Proteins are sensitive to their environment. They may only be active in their native state, over a small pH range, and under solution conditions with a minimum quantity of electrolytes. A protein in its native state is often described as folded. A protein that is not in its native state is said to be denatured. Denatured proteins generally have no well-defined secondary structure. Many proteins denature and will not remain in solution in distilled water.

One of the more striking discoveries of the 20th century was that the native and denatured states in many proteins were interconvertible, that by careful control of solution conditions (by for example, dialyzing away a denaturing chemical), a denatured protein could be converted to native form. The issue of how proteins arrive at their native state is an important area of biochemical study, called the study of protein folding.

Through genetic engineering, researchers can alter the sequence and hence the structure, "targeting", susceptibility to regulation and other properties of a protein. The genetic sequences of different proteins may be spliced together to create "chimeric" proteins that possess properties of both. This form of tinkering represents one of the chief tools of cell and molecular biologists to change and to probe the workings of cells. Another area of protein research attempts to engineer proteins with entirely new properties or functions, a field known as protein engineering.

Protein and nutrition In carnivores protein is one of the largest component of the diet. The metabolism of proteins by the body releases ammonia, an extremely toxic substance. It is then converted in the liver into urea, a much less toxic chemical, which is excreted in urine. Some animals convert it into uric acid instead.
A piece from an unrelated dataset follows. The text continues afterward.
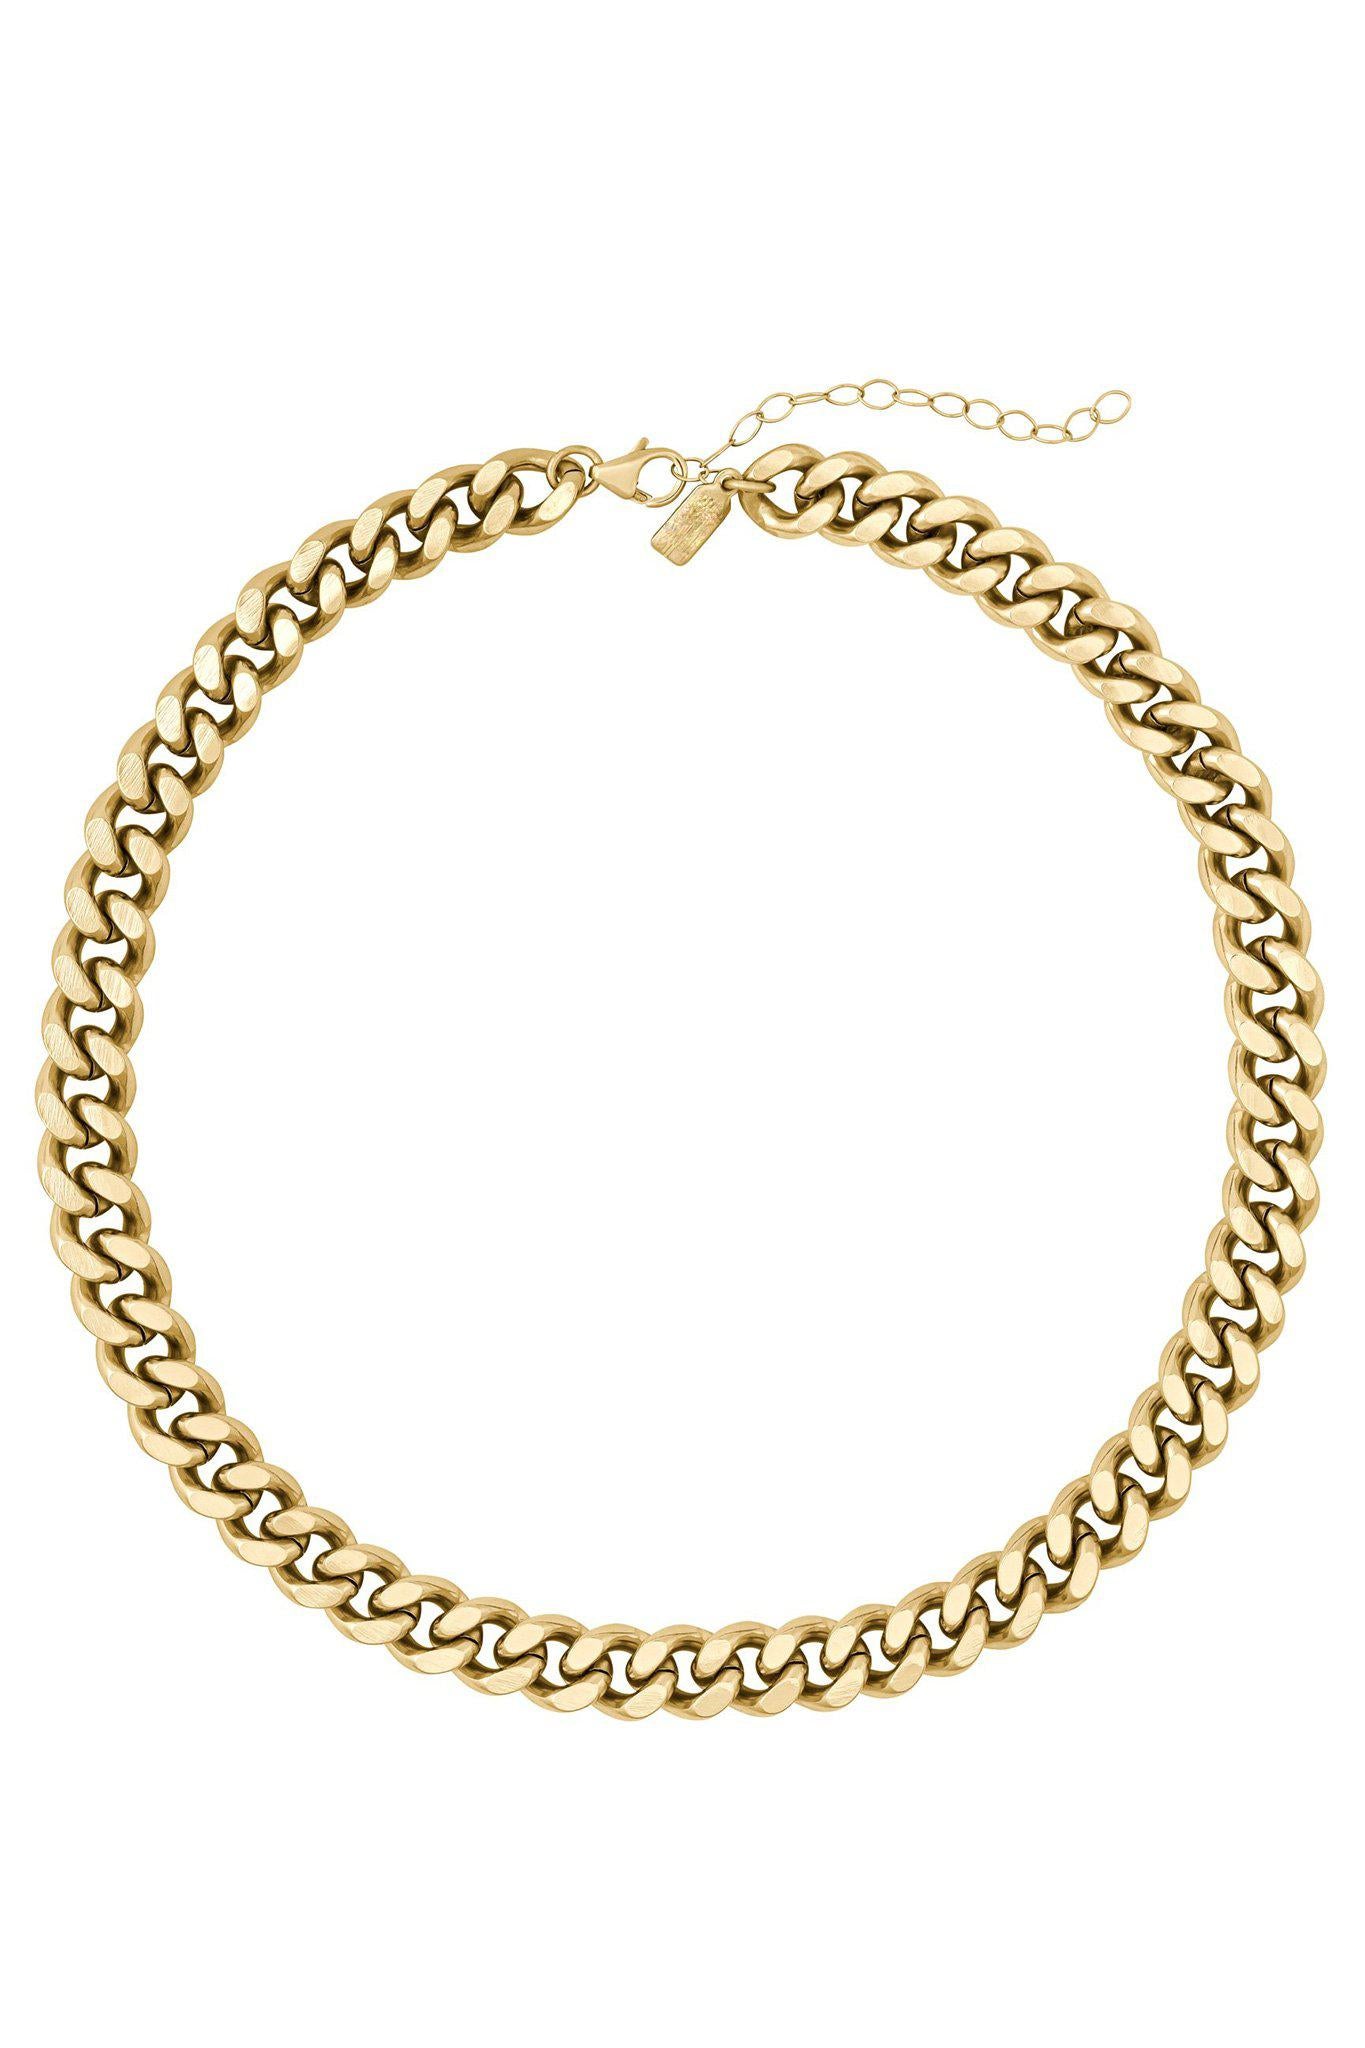 Giselle Thick Gold Chain Necklace on white background

Protein nutrition in humans

In terms of human nutritional needs, proteins differ in their ability to provide all eight of the amino acids (threonine, valine, tryptophan, isoleucine, leucine, lysine, phenylalanine, and methionine) that humans cannot produce themselves. While all natural foods contain all of these amino acids, some contain less of one or more of them (called limiting amino acids), which means that if this kind of protein was the only kind eaten over one or several days the body may not fully utilize all of it. Formerly, this effect was expressed in the form of the so-called biological value (BV), which has since found to be flawed and has been superseded by the PDCAAS. This measure may still be considered incomplete, since human diets, except in times of famine, almost never contain only one kind of protein - however, calculating the PDCAAS of a diet solely based on the PDCAAS of the individual constituents is impossible. This is because one food may provide an abundance of an amino acid that the other is missing, which means that in this case the PDCAAS of the diet is higher than that of any one of the constituents. To arrive at the final result, all individual amino acids would have to be taken into account, though, so the PDCAAS of each constituent is largely useless.